▶ **Instructions for the task**
Retype each line of the material below word for word; pictures stay out.
:: Raw data ::
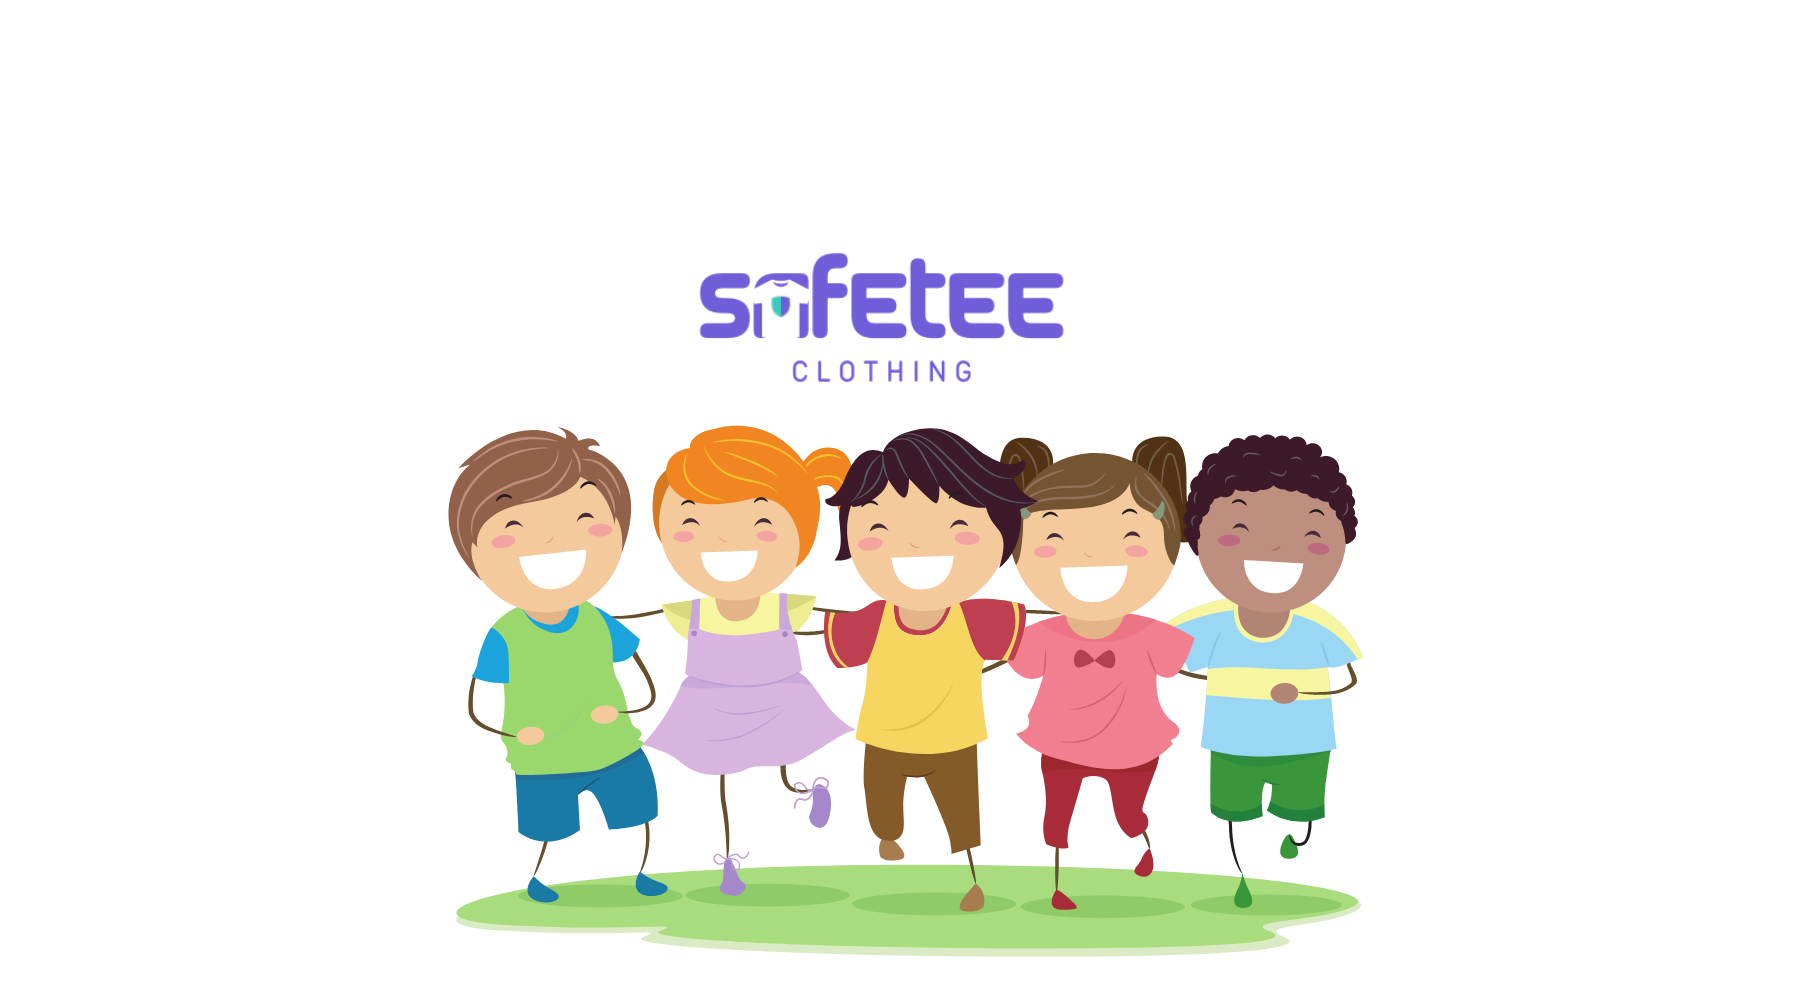 Welcome to Safetee Clothing!
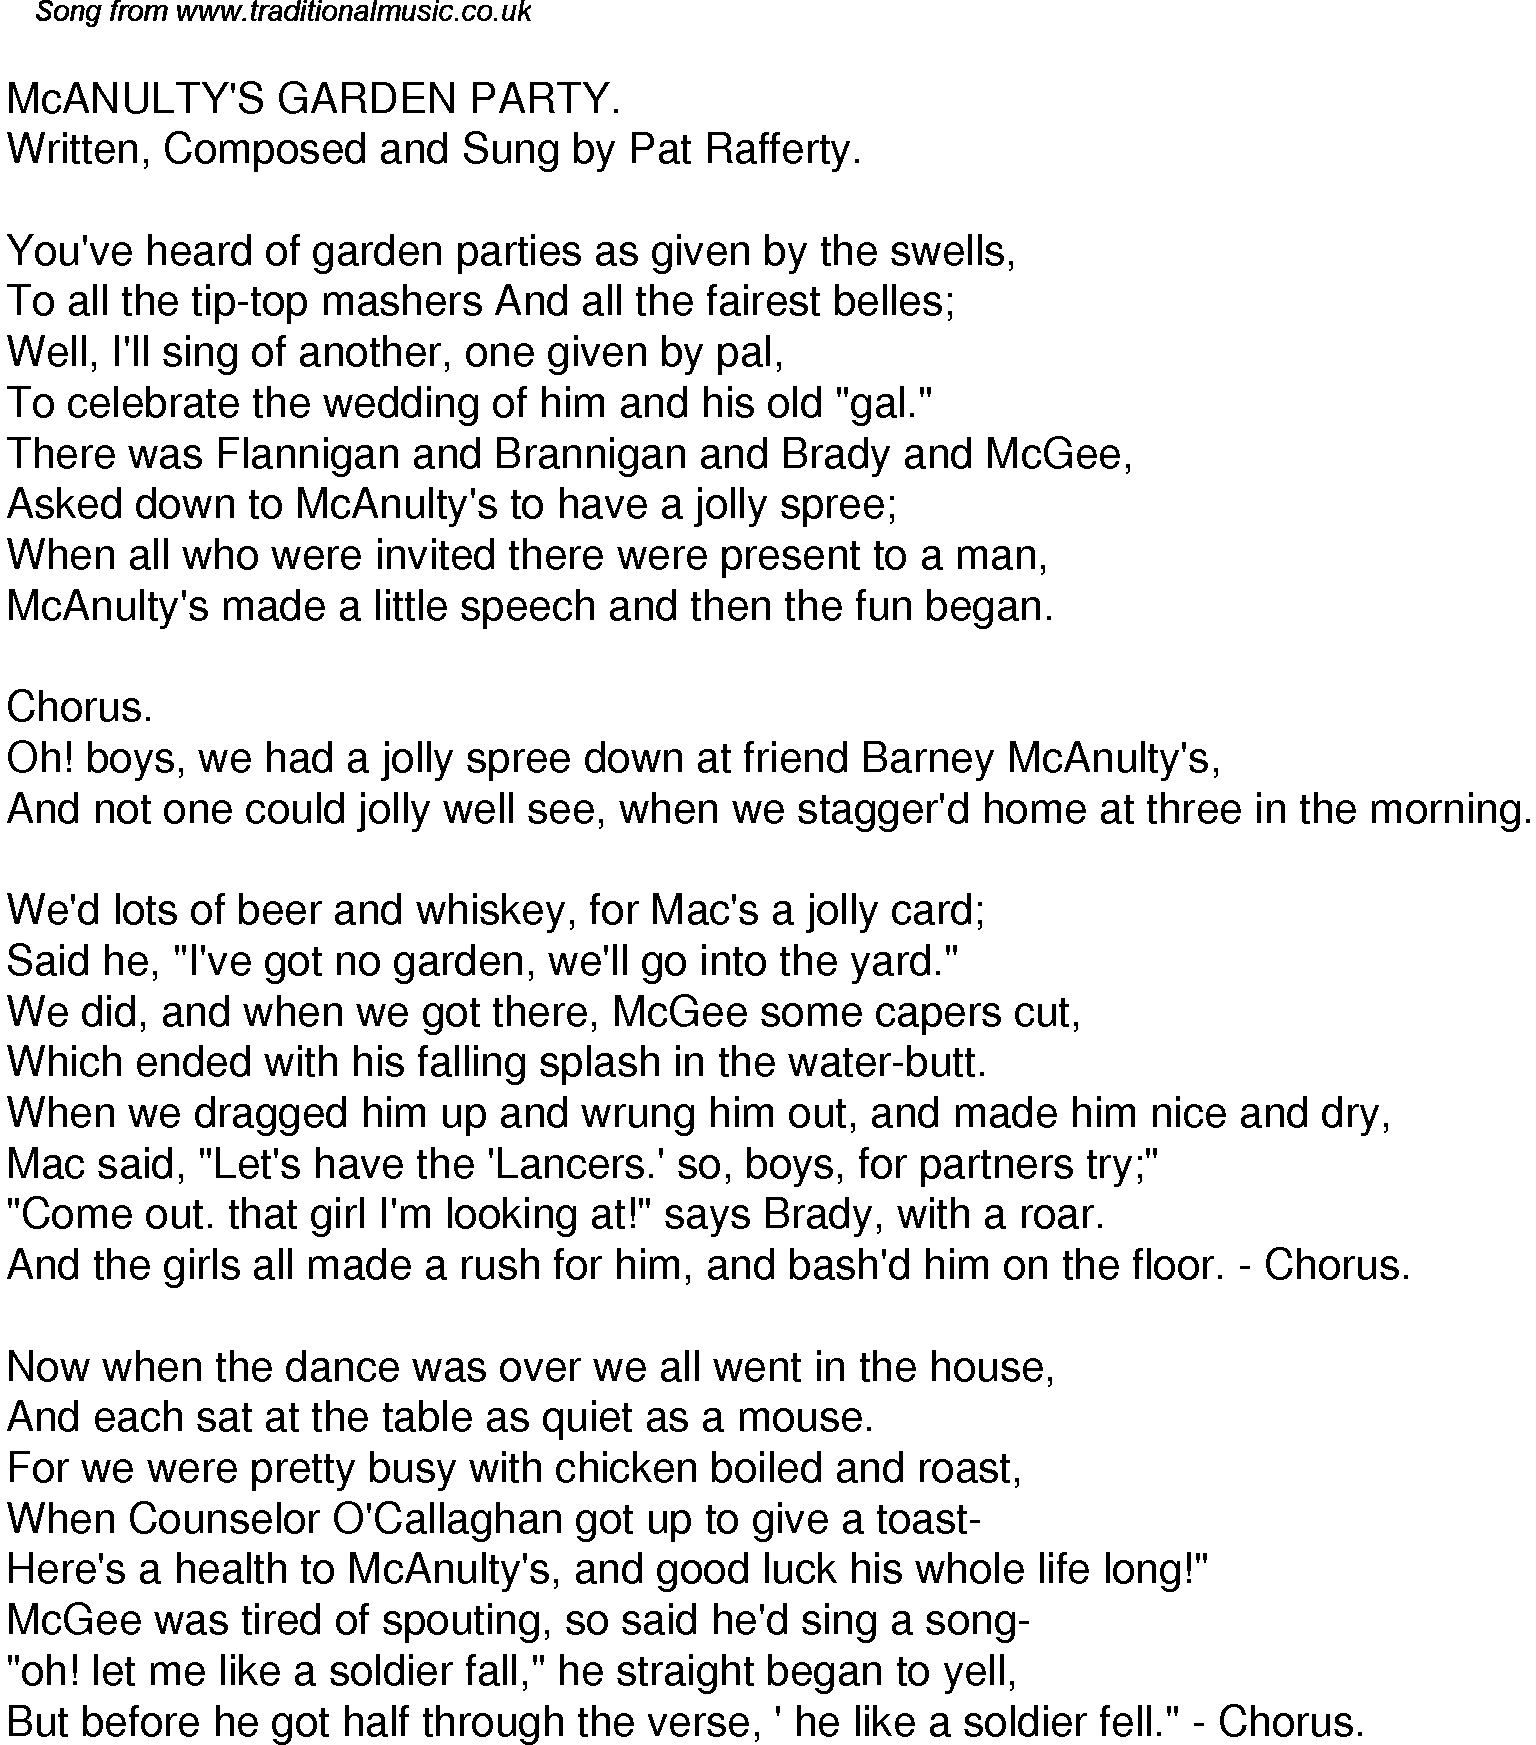 Old Time Song Lyrics for 35 Mcanultys Garden Party
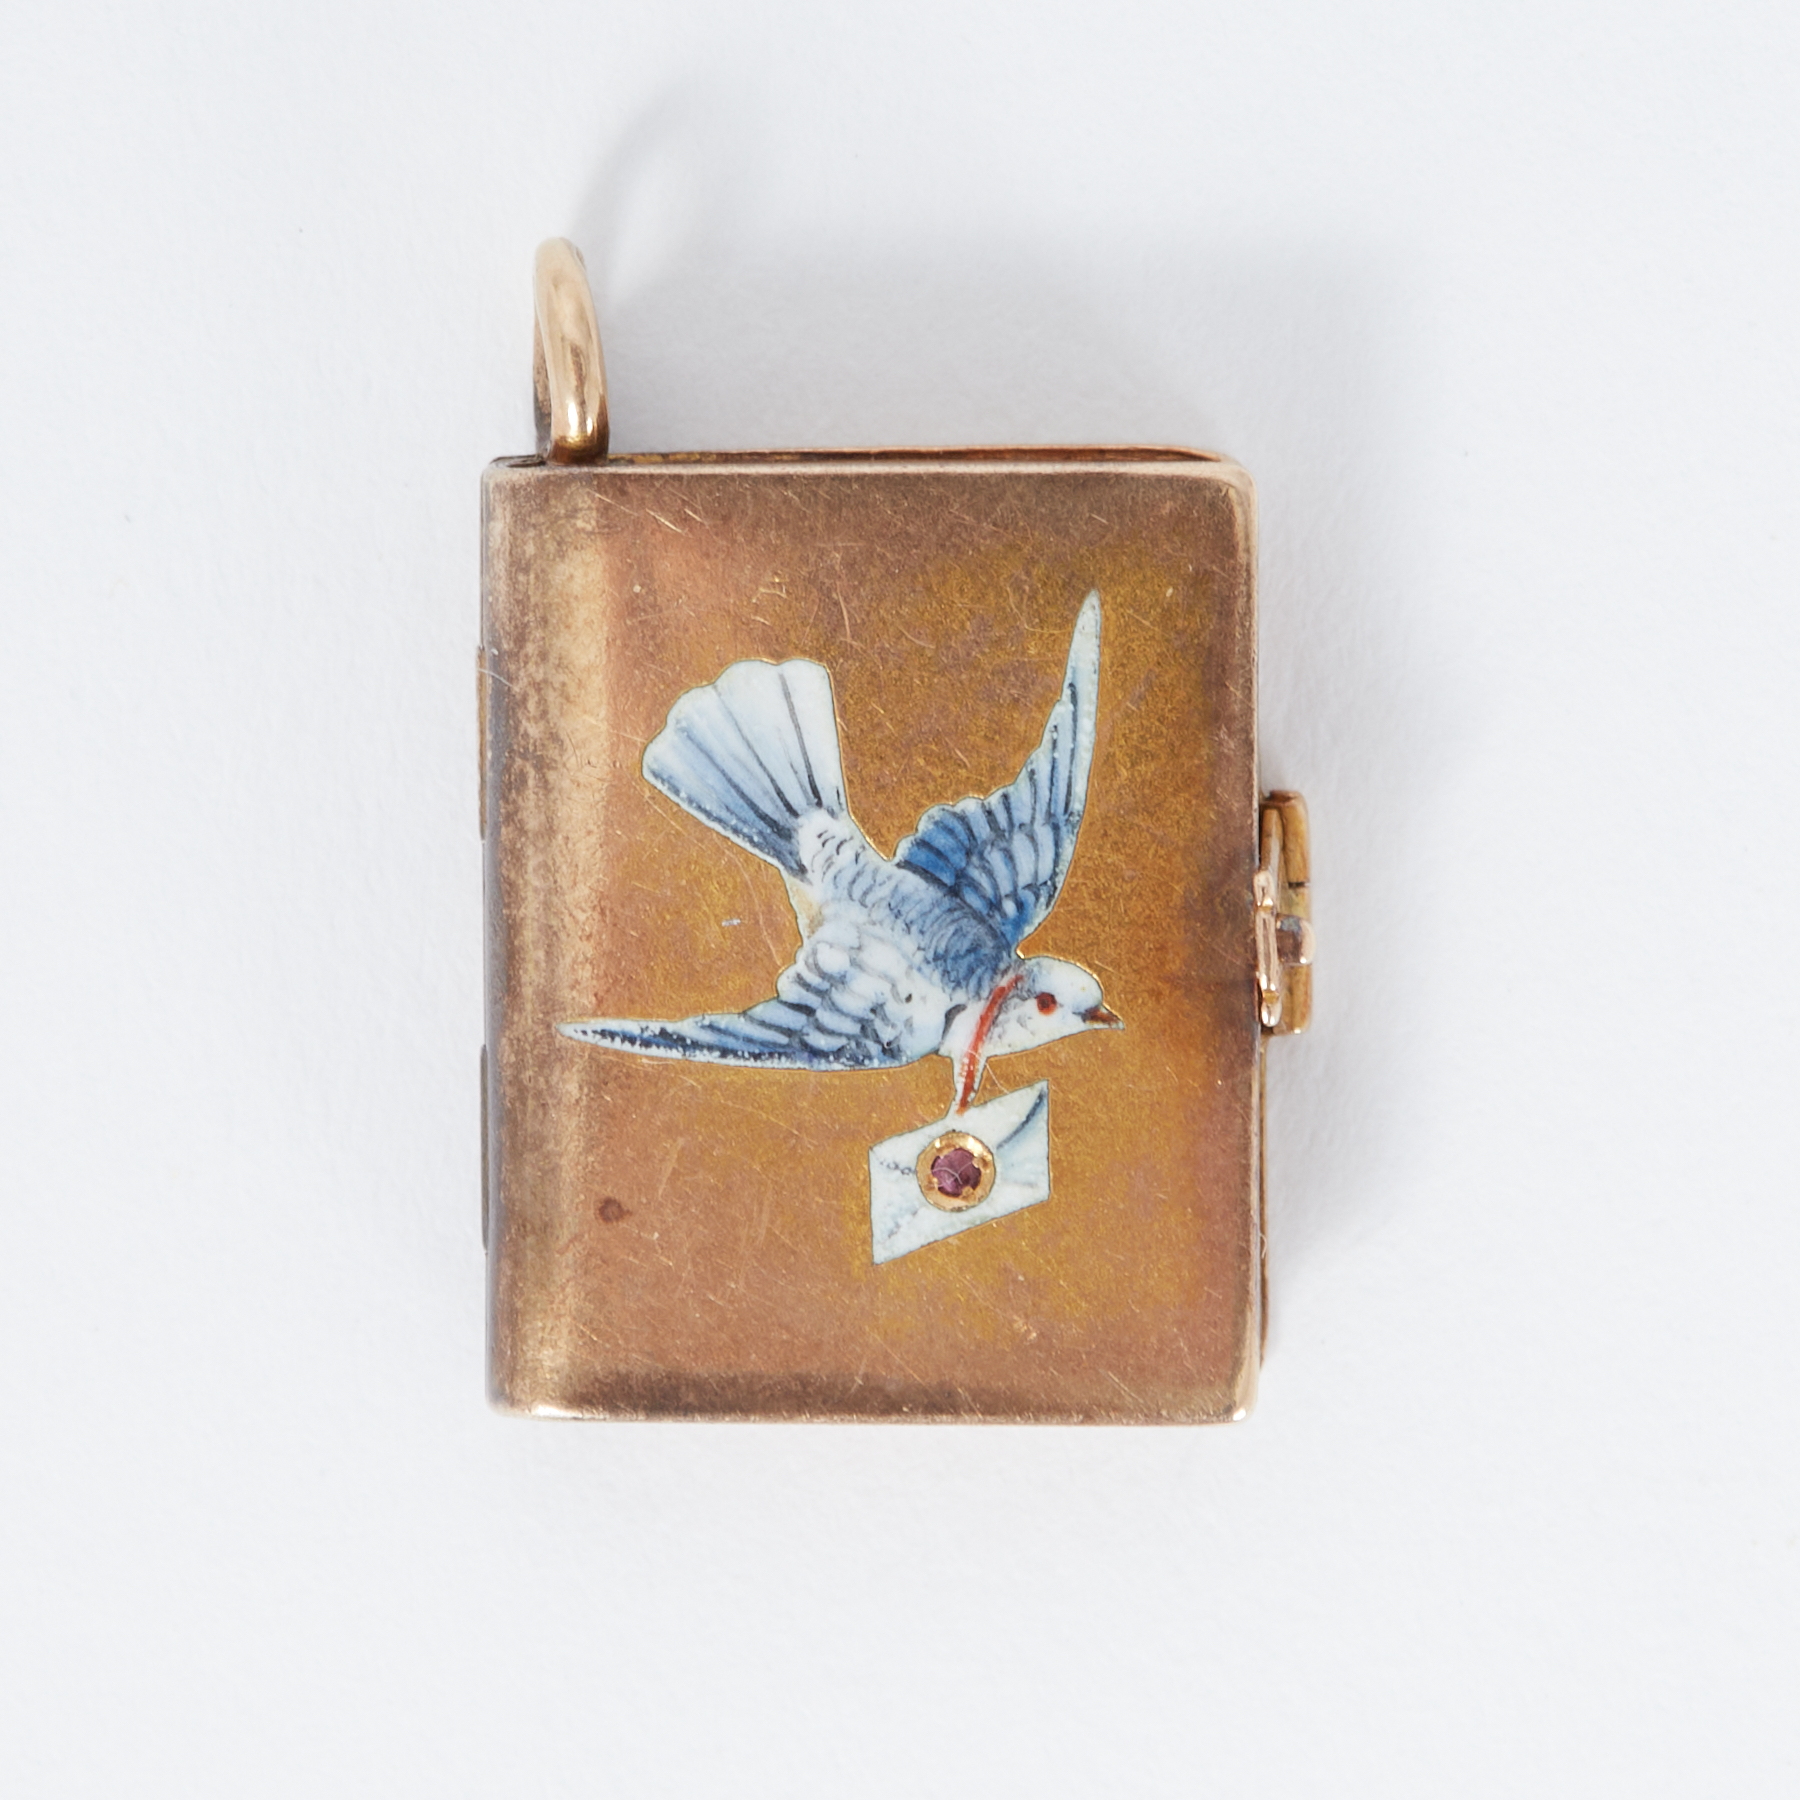 A gold locket in the shape of a book inset with a Dove & envelope set with a small ruby, measuring
:::
▶ **Response area**
 Welcome to Safetee Clothing!
 Old Time Song Lyrics for 35 Mcanultys Garden Party
 A gold locket in the shape of a book inset with a Dove & envelope set with a small ruby, measuring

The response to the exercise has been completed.